Masih syok, Ayu hanya menganga melihat Reno. Setelah beberapa saat, akhirnya Ayu kembali ke kenyataan. "Oh..." ucapnya. "Lalu harus bagaimana?"

"Mungkin diberi makan dulu," jawab Reno cepat. "Beri mereka minum susu bayi."

"Oke," jawab Ayu.

Setelah itu, mereka berdua hening dan saling tatap untuk waktu yang lama. Setelah beberapa lama, Ayu baru menyadari sesuatu.

"Oh, aku yang beli?"

#

Ayu meninggalkan Reno dengan anak-anak kucing dan payungnya. Ayu sendiri berlari menerobos hujan dengan tasnya menutupi kepalanya, mendatangi warung terdekat. Gadis itu membeli susu bayi dan meminta untuk diseduhkan oleh penjaga warung tersebut. Setelah membeli susu bayi, Ayu kembali berlari menerobos hujan.
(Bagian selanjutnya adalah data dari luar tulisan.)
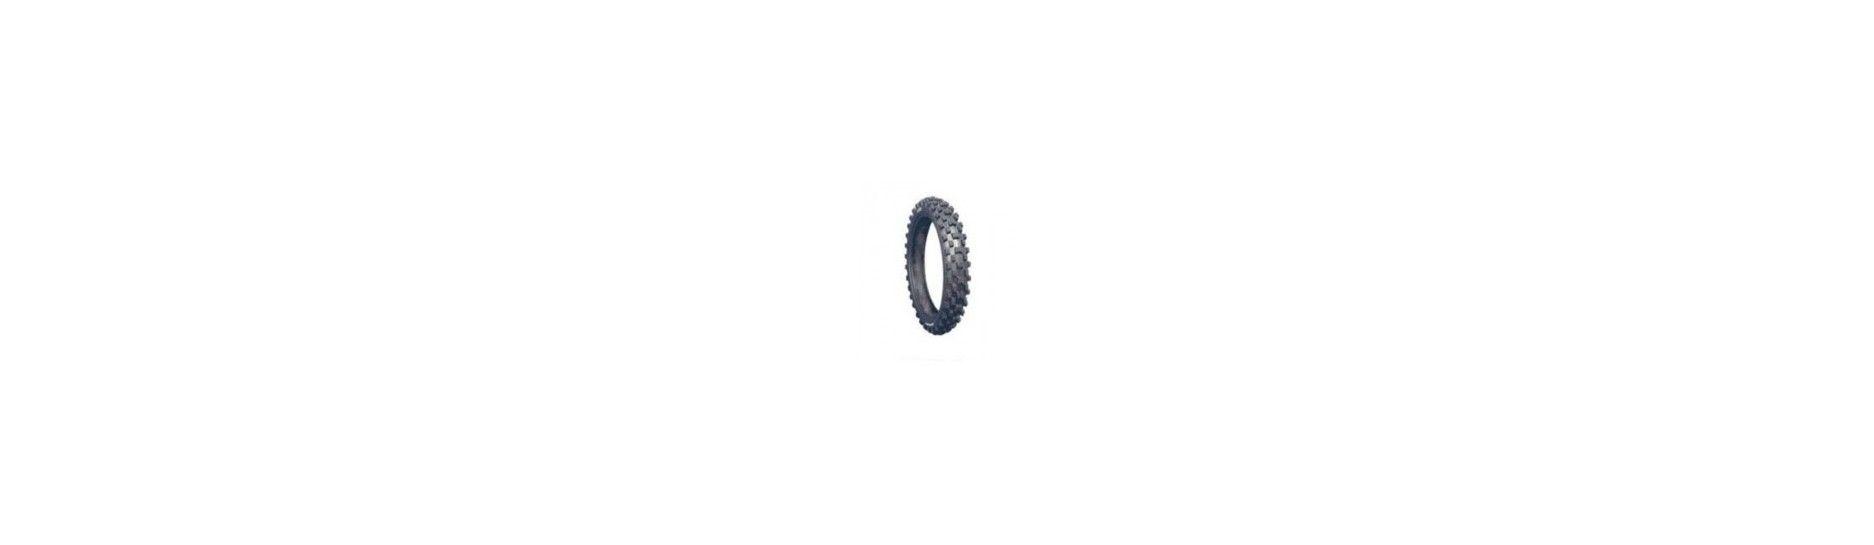 19-ti palcové pneumatiky
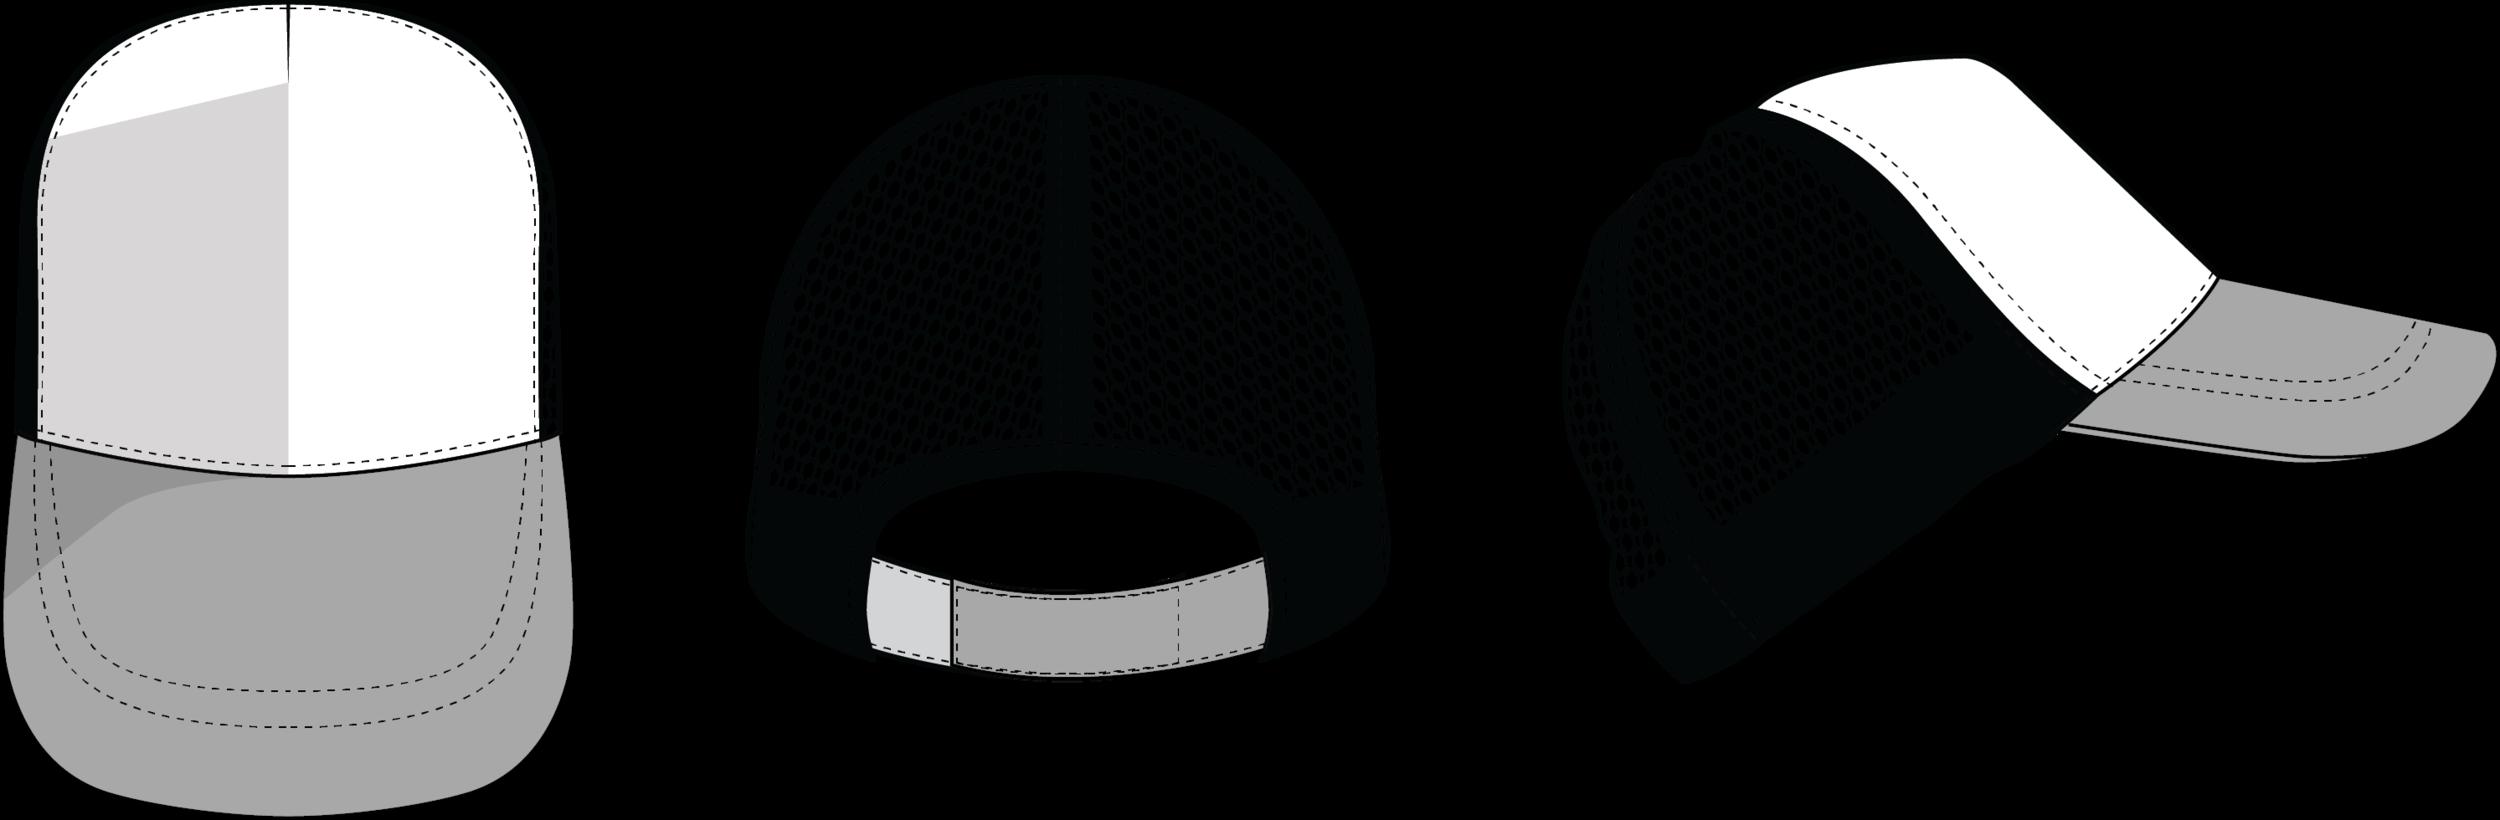 KID CAP.png

Ketika tiba di tempat tadi, Ayu ingin tertawa melihat Reno yang berjongkok sambil memegang payung itu kepala beruangnya dinaiki oleh kucing-kucing yang tidak bisa melihat dan sibuk mengeong. Reno segera menyadari kedatangan Ayu.

Ayu membawa susu bayi itu dalam botol plastik karena dia tidak memiliki wadah lainnya sebagai pengganti. Ayu dan Reno pun menuangkan susu bayi itu ke tangan mereka, lalu membiarkan kedua kucing itu menjilatinya. Mereka menunggu kedua kucing itu makan dalam diam. Payung ditaruh di antara mereka, dan mereka berdua berjongkok menghadap ke dalam payung sehingga bagian depan tubuh mereka tidak basah, begitu juga dengan anak-anak kucing itu.

Ayu berdeham, mengisyaratkan ia ingin mengakhiri keheningan yang aneh dan canggung itu. "Reno, sejak kapan kamu jadi Pembagi Kebahagiaan?"

Reno diam untuk beberapa saat sehingga Ayu kira dia tidak berniat menjawabnya. "Aku tidak ingat. Aku sudah seperti ini sejauh yang kuingat," jawab Reno pada akhirnya.